Put Shield in front of any MCP server. It filters tools/list to what the role may use, enforces every tools/call, and sanitizes output — no change to the upstream server.

from core.mcp.proxy_server import proxy_for

proxy = await proxy_for({"transport": "stdio", "command": "python", "args": ["stripe_server.py"]})
ctx = dict(agent_key="support-bot", user_role="reader", tenant_id="acme")

await proxy.list_tools(**ctx)                       # only tools 'reader' may use
await proxy.call_tool("refund", {...}, **ctx)       # enforced; blocked → never forwarded
await proxy._upstream.aclose()                      # on shutdown

Transports: stdio, sse, http (streamable). Requires pip install mcp.


Path C — broker calls over HTTP (runtime)

You control the agent loop and just want Shield to gate + execute API calls.

# once: register the spec
curl -X POST "$SHIELD/v1/openapi/import" -H "$KEY" -d '{"spec":{...},"base_url":"https://api.mycompany.com"}'

# per tool call, from your agent:
curl -X POST "$SHIELD/v1/openapi/call" -H "$KEY" \
  -H "X-Agent-Key: support-bot" -H "X-User-Role: reader" \
  -d '{"tool":"get_account","arguments":{"id":"C-1"}}'

Shield enforces, calls the upstream, sanitizes the result, and returns it.

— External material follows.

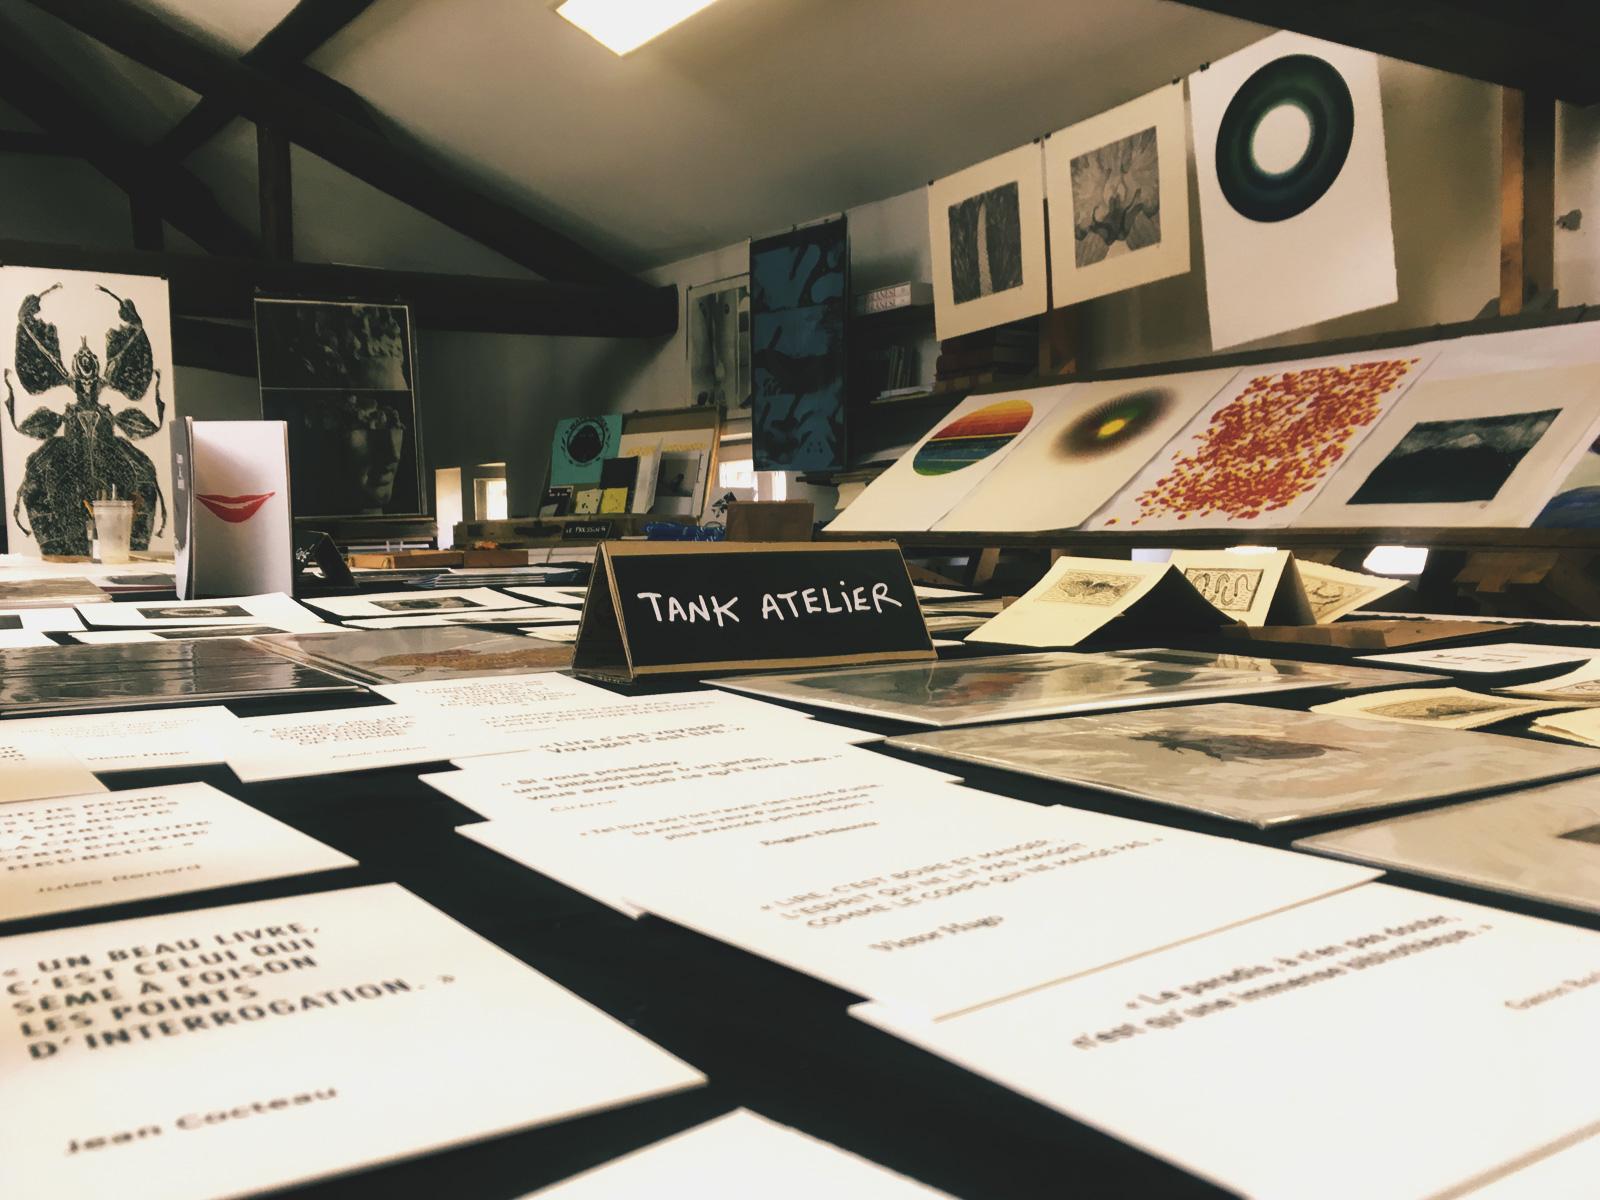 atelier tank impression estampes art nancy festival
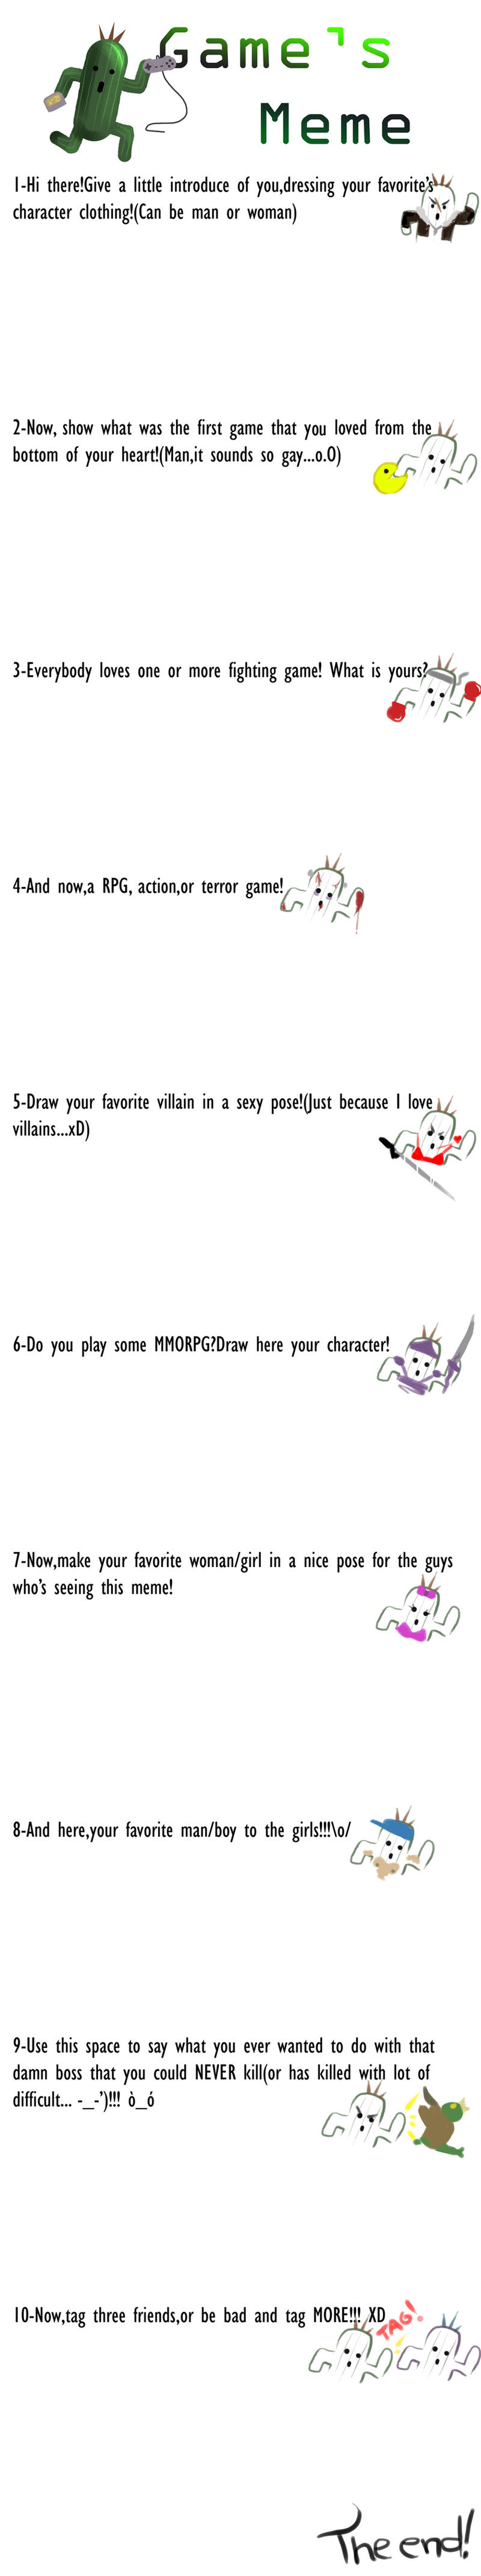 Game's Meme by RinoaPereira

Register your agent (all paths)

Capabilities are minted once per agent. Use the portal, or:

curl -X POST "$SHIELD/v1/agents/registry" -H "$KEY" -H 'Content-Type: application/json' -d '{
  "agent_id": "support-bot",
  "tools": ["get_account", "refund"],
  "role_permissions": { "reader": ["get_account"], "admin": ["get_account", "refund"] }
}'

Gotchas (save yourself an hour)

  • Registration is create-only — re-posting an existing agent_id returns 409 and keeps the old permissions. Use a new id or DELETE first.
  • State is in-memory without Redis — restarting Shield wipes imported specs and registered agents. Set REDIS_URL to persist across restarts.
  • MCP Inspector must use STDIO for a generated server — set Transport = STDIO, Command = your venv python, Arguments = server.py (not Streamable HTTP + a URL).
  • server.py should hang silently when you run it — that’s a stdio server waiting on stdin, i.e. it started fine.